Being resentful or unable to forgive and forget can be a lot of work.  As we enter the holiday season of Thanksgiving here in the US, it is likely you, or someone you know, will be visiting family or friends where old drama stories are still running your life or their life.

When a hurt has occurred, and we feel it has been inflicted upon us by another person, it is natural to feel the festering of the open wound.   If we cannot forgive and forget past hurts our Thanksgiving experience will be less than fulfilling.

By withholding your ability to forgive and forget, you are remaining a Victim to the situation or event that caused the hurt.

Inauthentic forgiveness interrupts your ability to genuinely experience gratitude.  You might speak the words of forgiveness, as though you are bestowing understanding or tolerance from a noble place of power and higher motivations.  However, many times forgiveness expressed from that place does not really include letting go and forgetting what happened. It actually can keep you feeling “one-up” and maybe even “high and mighty” (which is a quality of the Rescuer in the DDT).

If you continue to hold a grudge, you can easily become a Persecutor to both the other person and yourself by keeping the negative energy alive – whether that energy is outwardly expressed or only held within your own mind and spirit.

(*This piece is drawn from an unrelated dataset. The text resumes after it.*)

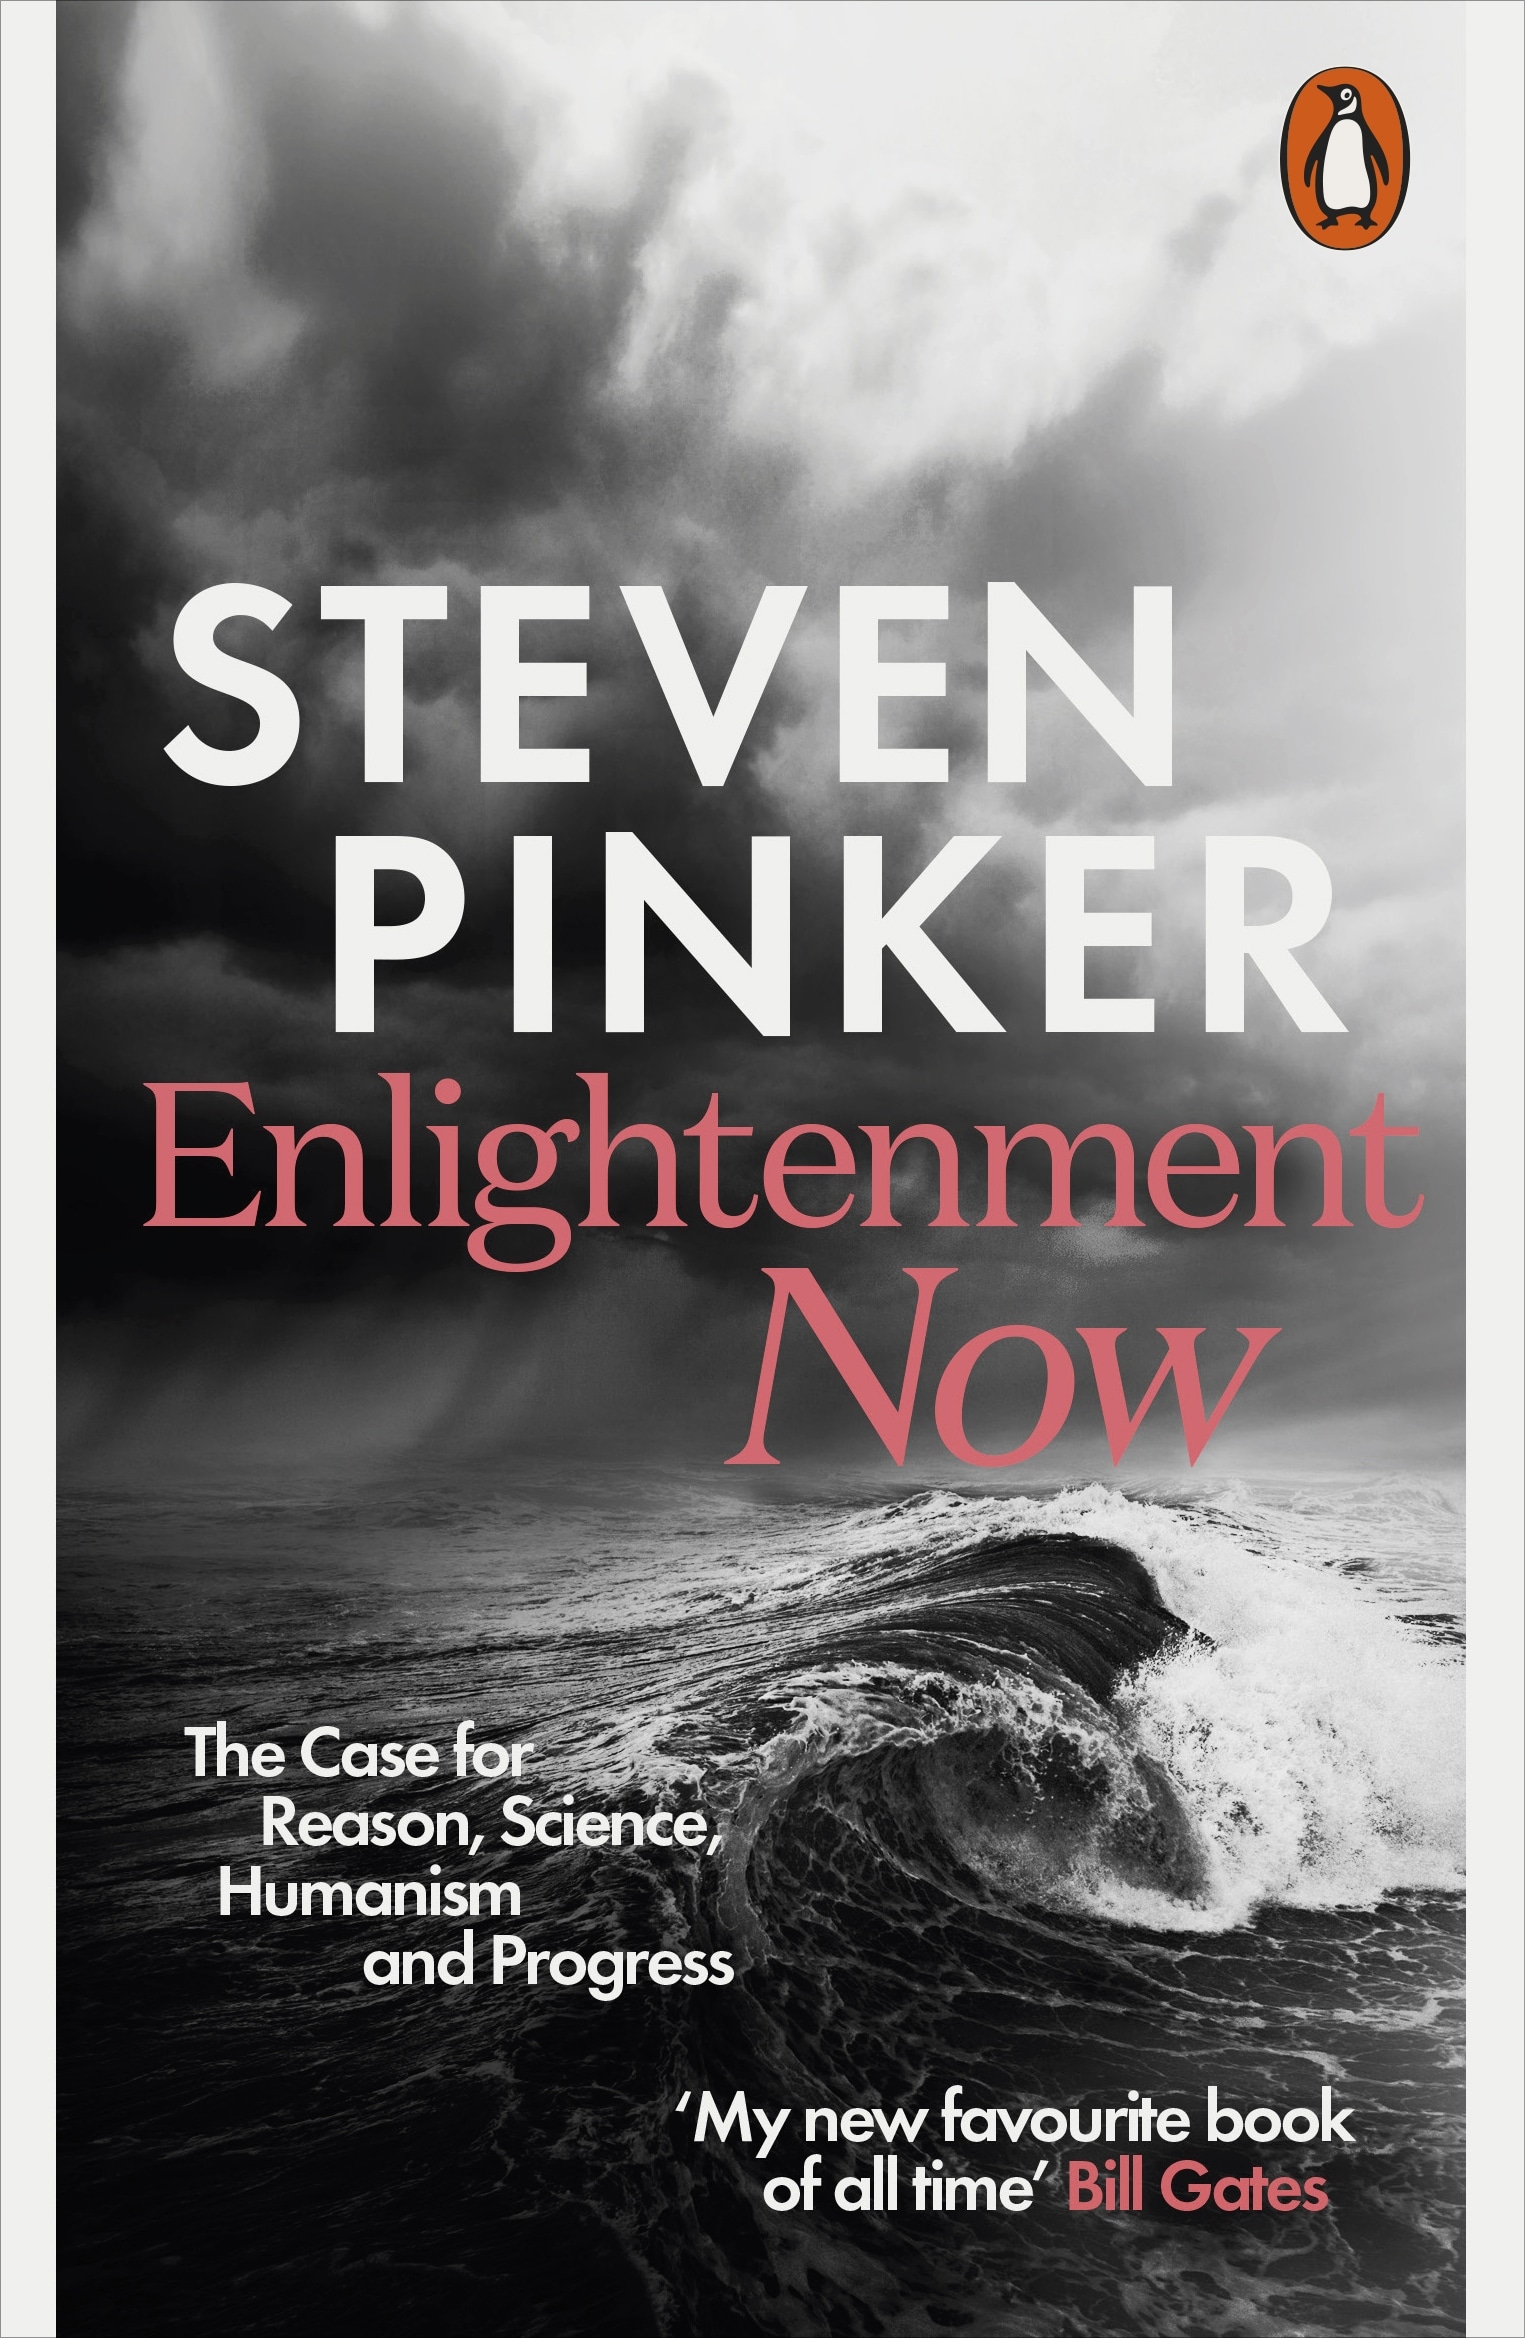 Book “Enlightenment Now” by Steven Pinker — January 3, 2019

When you hold blame or resentment and are unable to forgive and forget, your spirit can become bitter and fearful.   With this as your inner emotional state, you are seeding the anxiety that fuels the Dreaded Drama Triangle (DDT)™.   This bitterness hurts you more than anyone else.

There may be many reasons why you hang on to your resentments and say you can’t forget.  You may say that your experiences won’t be validated unless it is relived again and again.  An obsession with fairness may compulsively drive the need to keep the flame of the injustice alive.  Or you might assume that to forget means to be OK with what happened.

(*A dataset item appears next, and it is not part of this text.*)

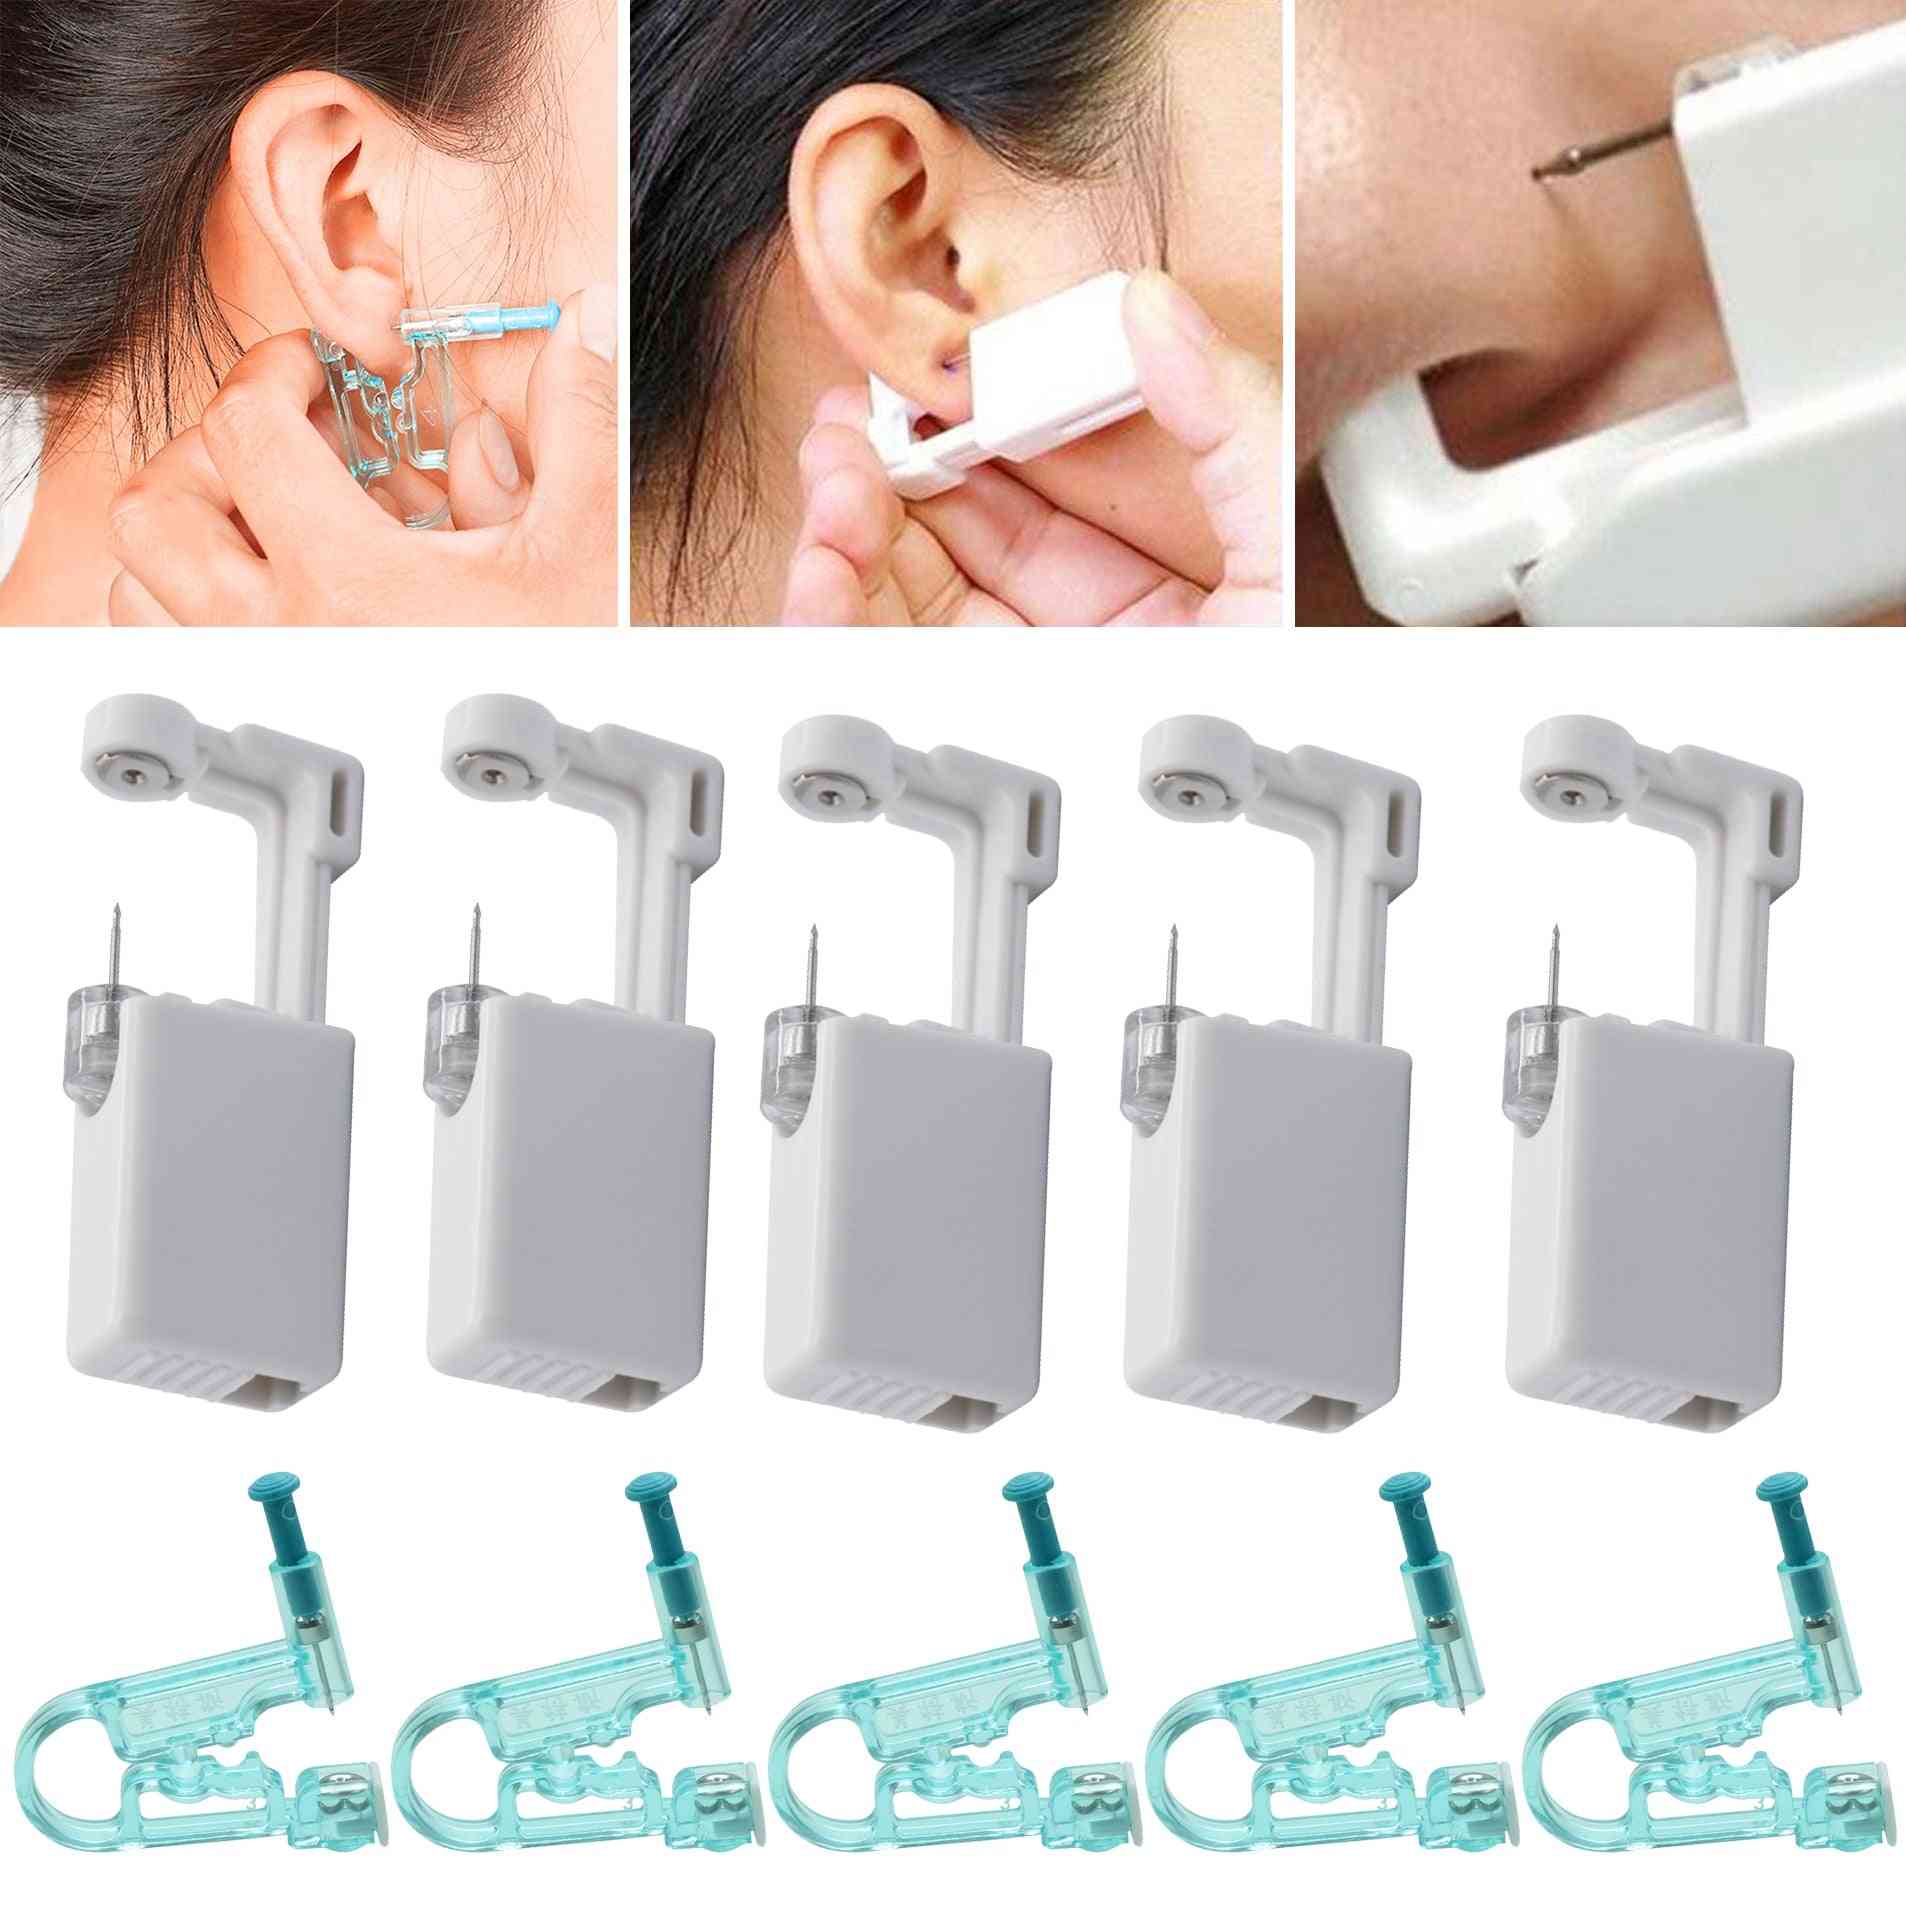 Ear Piercing Gun Kit Disposable Disinfect Safety Earring

What we know about forgiveness, as the character Ted explains in The Power of TED*, is that “forgiveness is giving up the hope of having a better past.”  Forgetting is letting go of the “hope” of righting the wrong.

You never know the motives or situations that are behind another person’s victimizing words or behavior.  All you know is, as a Creator, you have the power to choose your response to a difficult situation or person.

The reward comes when you are liberated from the obsession of what happened.   When you let go of the scorecard, you can nurture the Creator in yourself and, perhaps, begin to see it in the other.

You will never experience the freedom from your own DDT if you do not forgive and forget.  As you put down the mantel of judgment and resentments, know that you are creating an opening for gratitude to arise.

Give yourself this gift in this season of Thanksgiving by forgiving, forgetting, letting go, and shifting your gaze from the past to the present and look to the future in which the best is yet to be!